The Dow Jones Industrial Average jumped 25 percent in the year, ending Friday’s session at 24,719.22 after scoring 71 new records, the most since the index’s creation in 1896.
The S&P 500 rose 19.4 percent to close the year at 2,673.61, while the tech-rich NASDAQ surged 28.2 percent to 6,903.39, after briefly crossing 7,000 for the first time earlier this month.
Other leading bourses also enjoyed robust gains, including in Europe and especially Asia, where Hong Kong jumped more than one-third and Tokyo pushed nearly 20 percent higher, propelled by strengthening economic conditions in Asia and positive momentum from US markets.
Wall Street’s performance marks the latest sign of gathering strength in the world’s biggest economy after the 2008 financial crisis pushed the nation into the “Great Recession.”

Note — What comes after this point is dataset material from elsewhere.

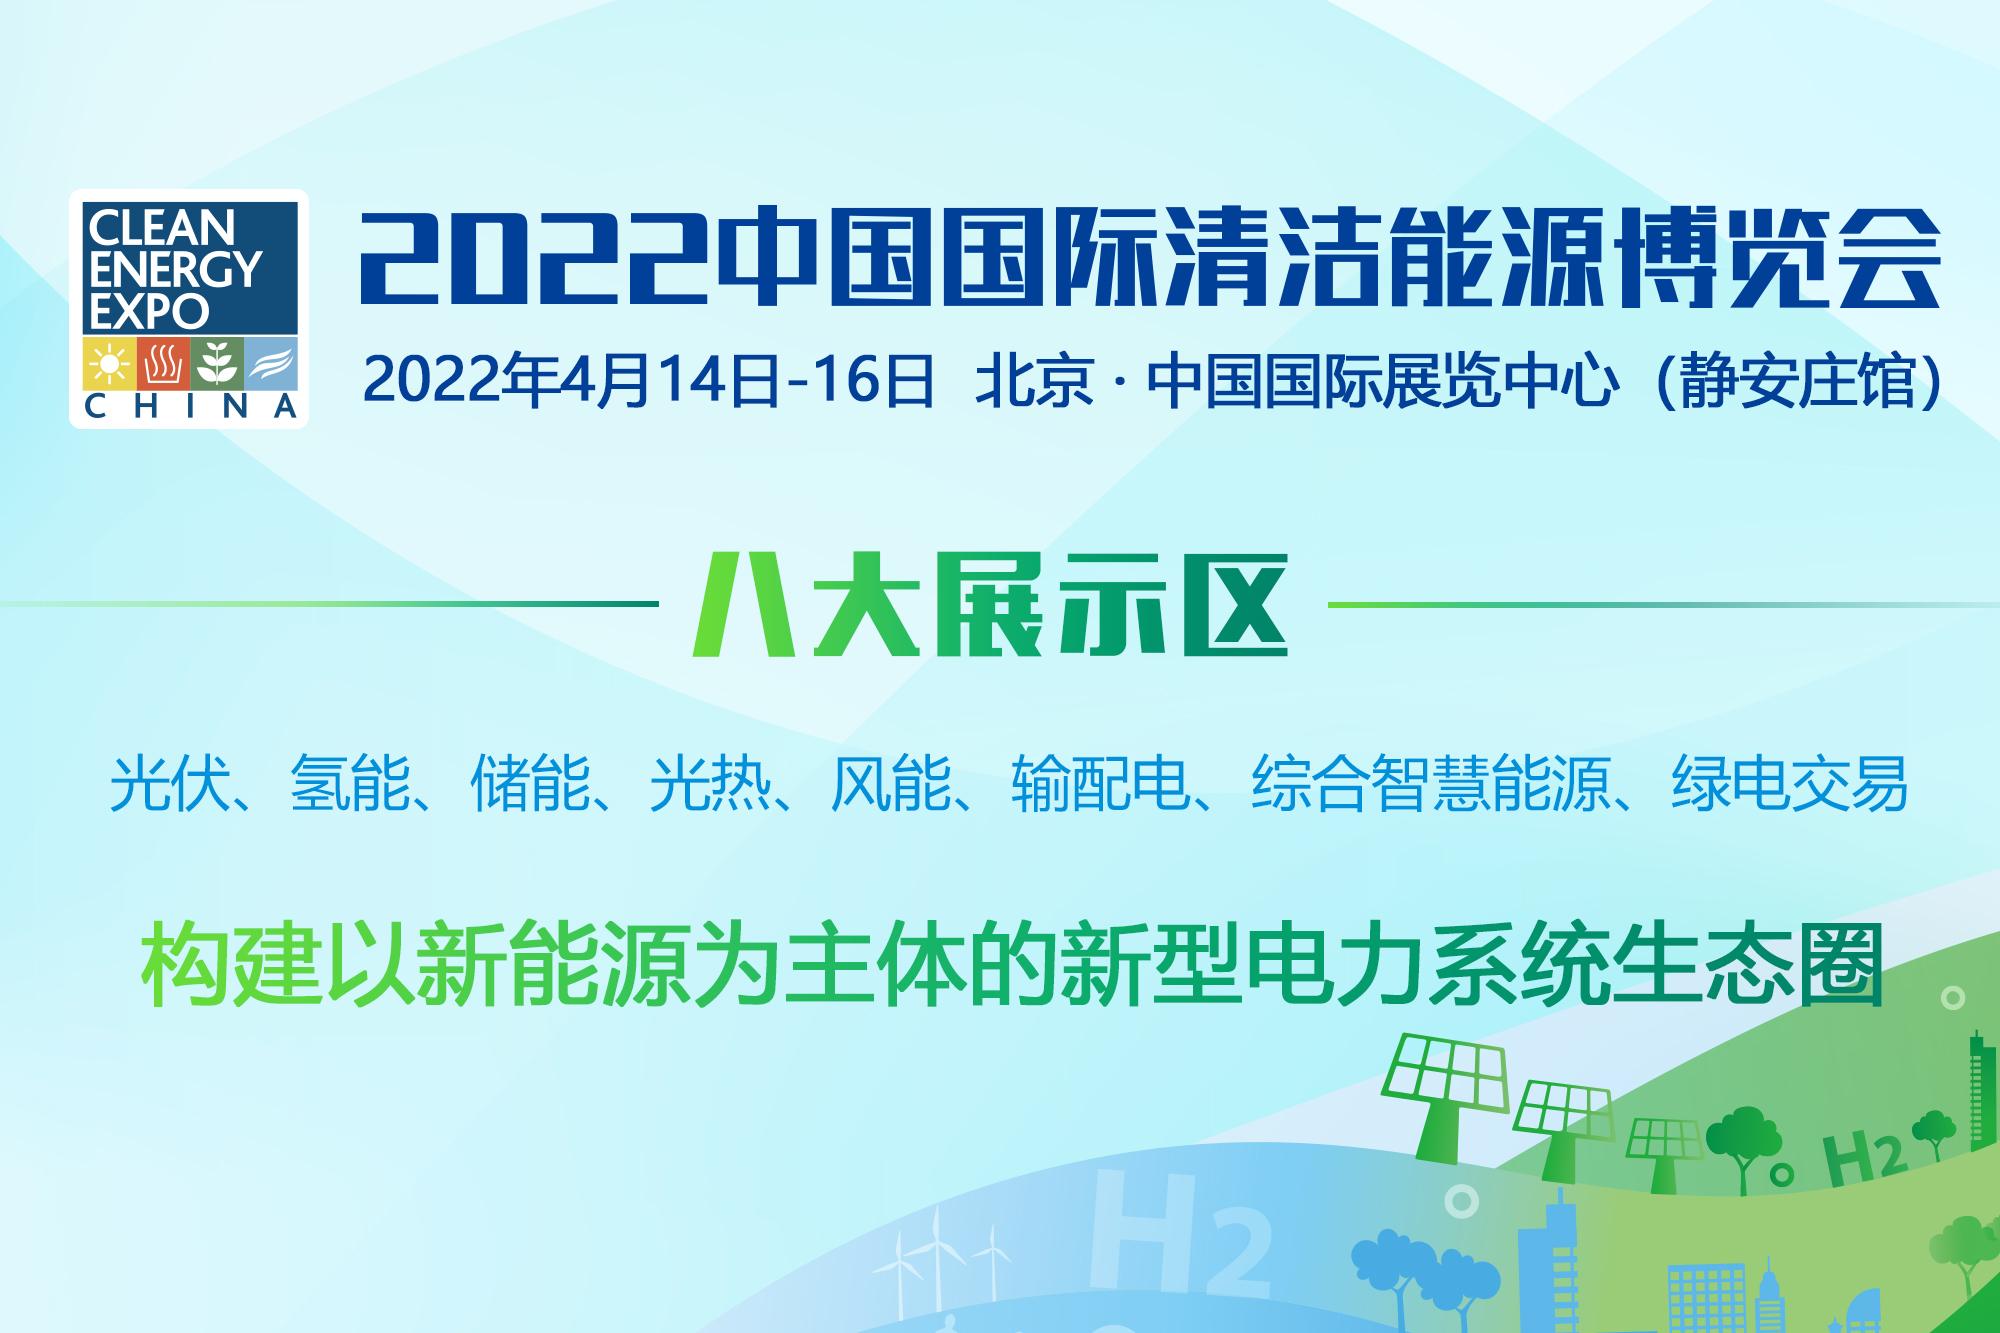 中电联联合中国建设贸促会等单位邀您参加2022中国国际清洁能源博览会

US unemployment hit a 17-year low last month, and other key data points on retail sales and GDP have also improved.
The “bull market” — defined as the period in which stocks have avoided a 20 percent drop — has now lasted 106 months. That is the second longest in history, and Trump’s tax cut has indeed lifted optimism about corporate earnings, prompting many analysts to boost their forecasts for business profits and US growth.
Wells Fargo Advisors this week predicted the tax bill could extend the US’ economic growth cycle “by a couple of years more,” propelling some sectors, such as industrials.

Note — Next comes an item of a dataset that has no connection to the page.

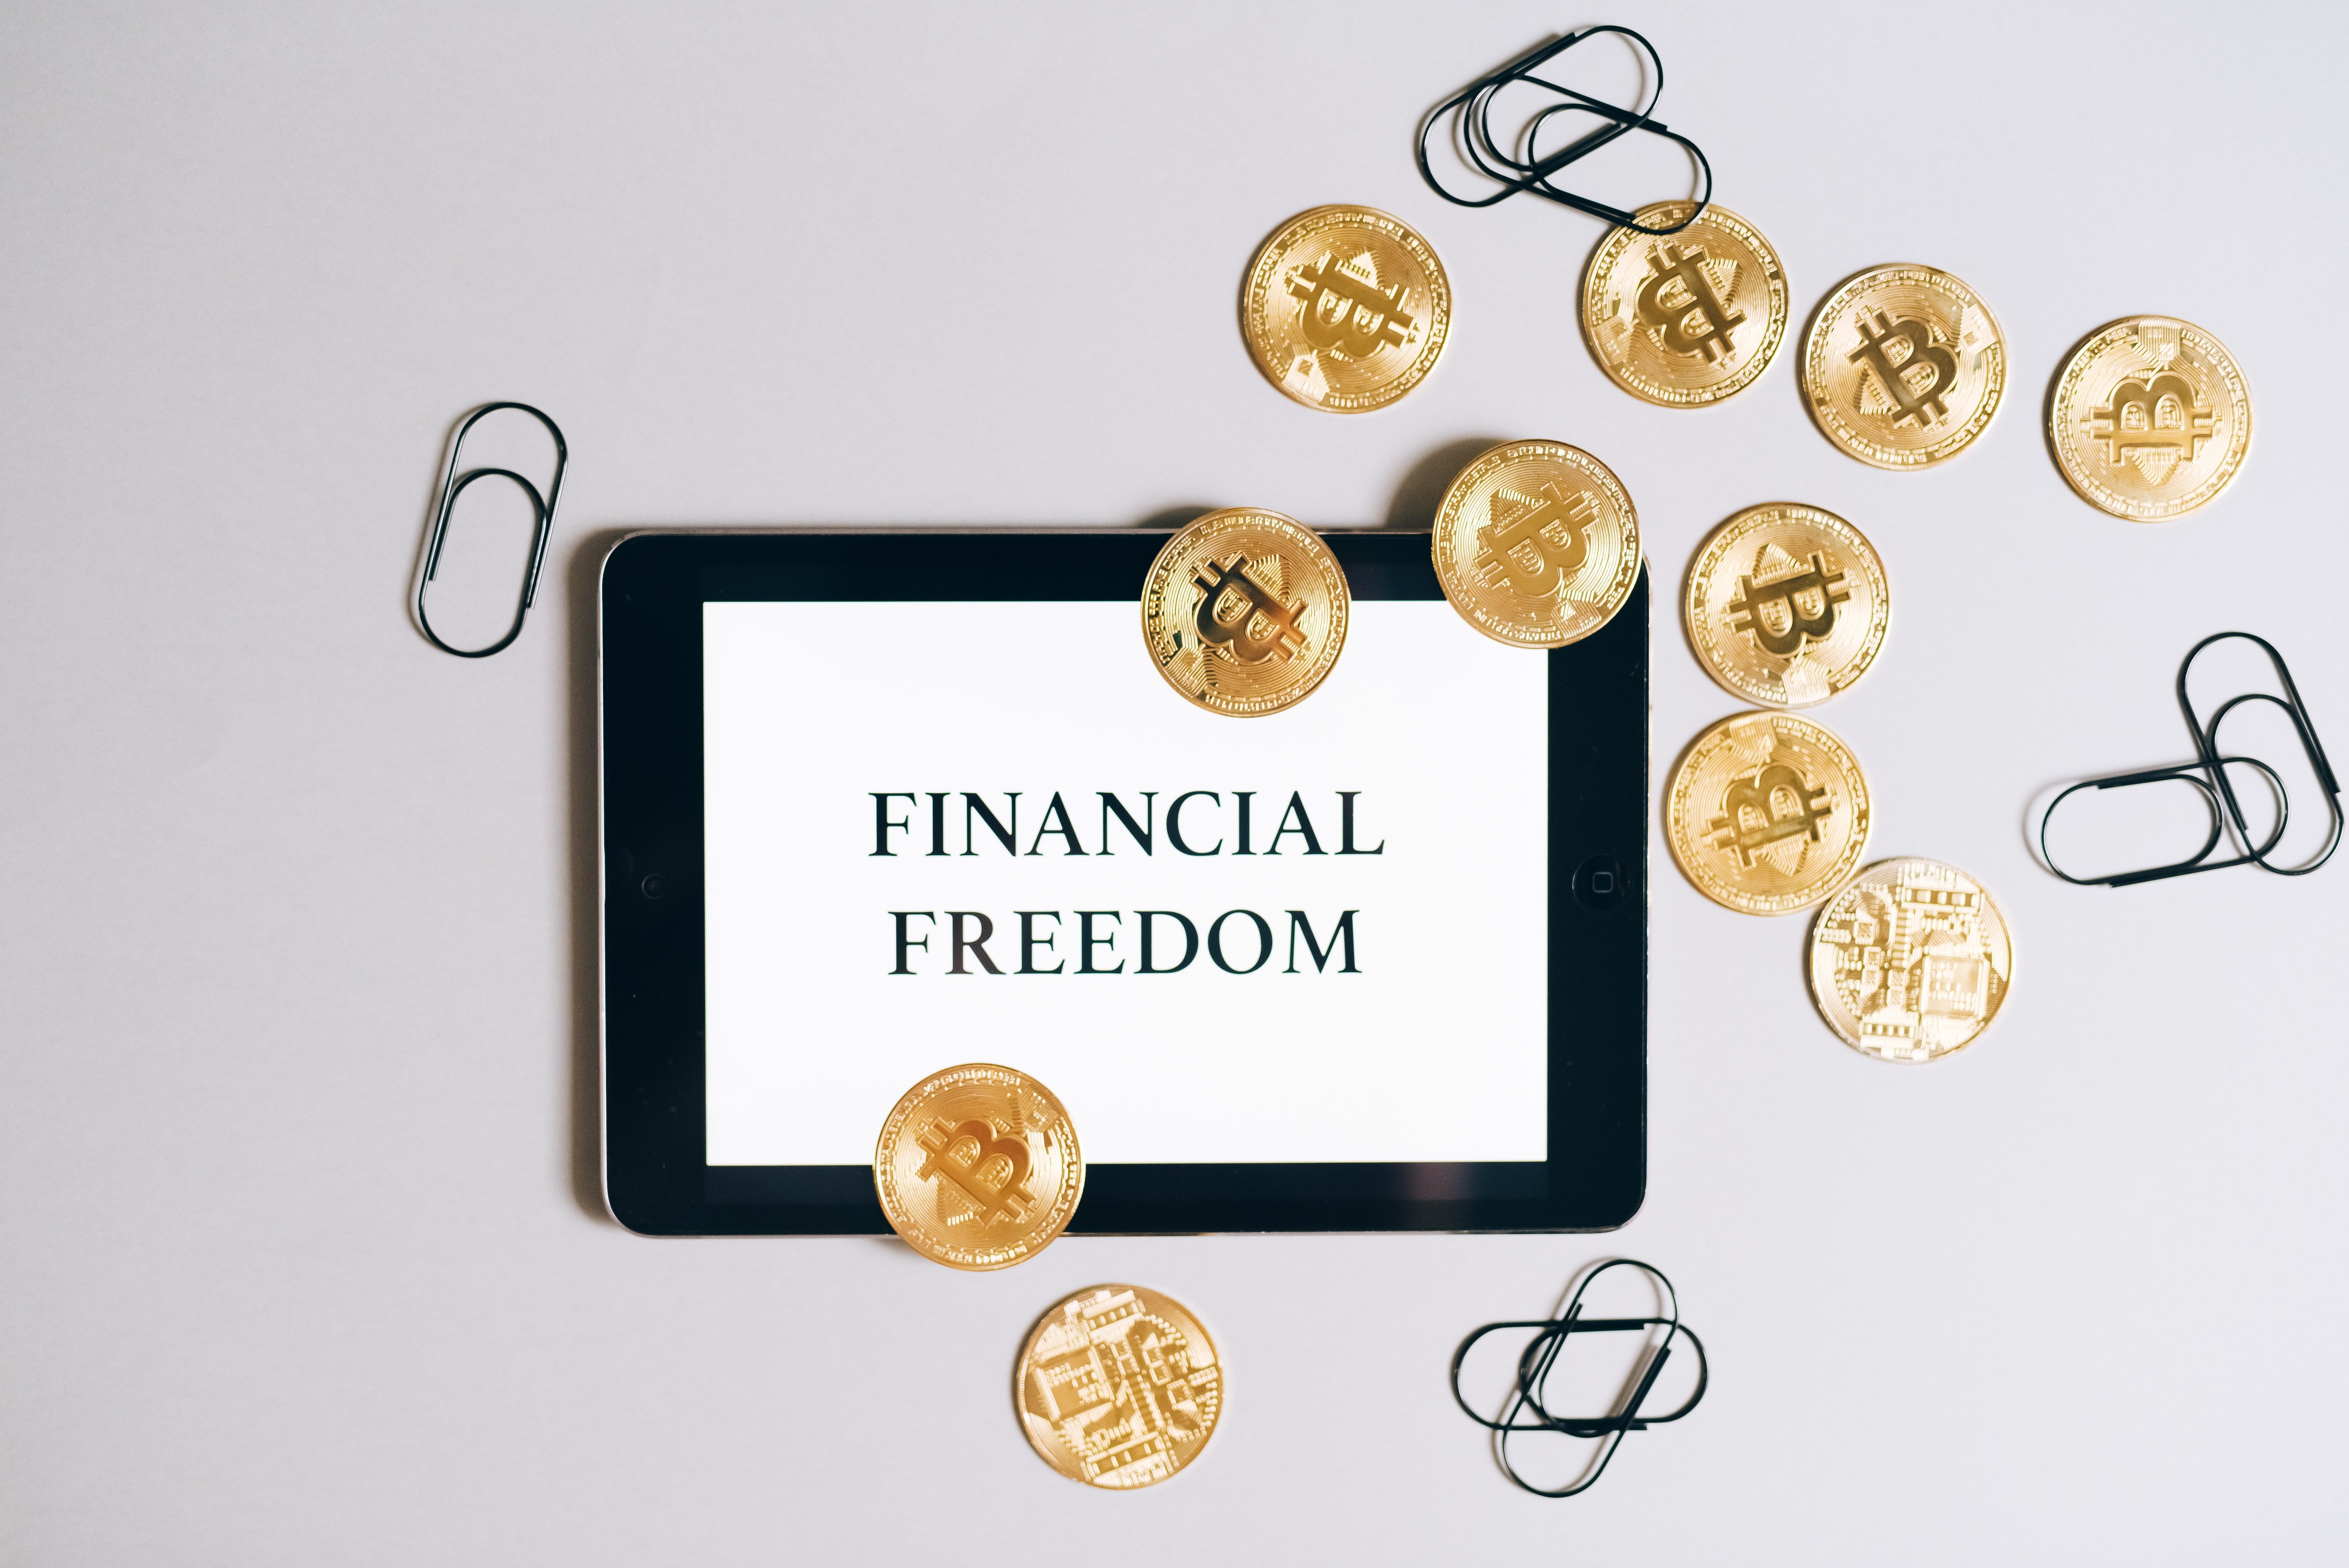 How do you attain financial freedom?

Concerns include a possible hastening of US Federal Reserve interest rate increases if inflation, which has been modest, accelerates amid higher growth in the wake of the tax cuts.
“Inflation is kind of the one lingering doubt out there,” said Shawn Cruz, senior specialist in trading at TD Ameritrade, who expects comment from US Fed chair nominee Jerome Powell and other new additions to the policysetting US Federal Open Market Committee to be scrutinized closely by markets.
Other worries cited by analysts include a worsening of economic conditions in China and North Korean nuclear aggression. Concerns about a trade war have moderated somewhat compared with Trump’s initial emergence and harsh talk of “America first” policy.
However, analysts said negotiations to recraft the North American Free Trade Agreement and ongoing frictions between Beijing and Washington must be monitored.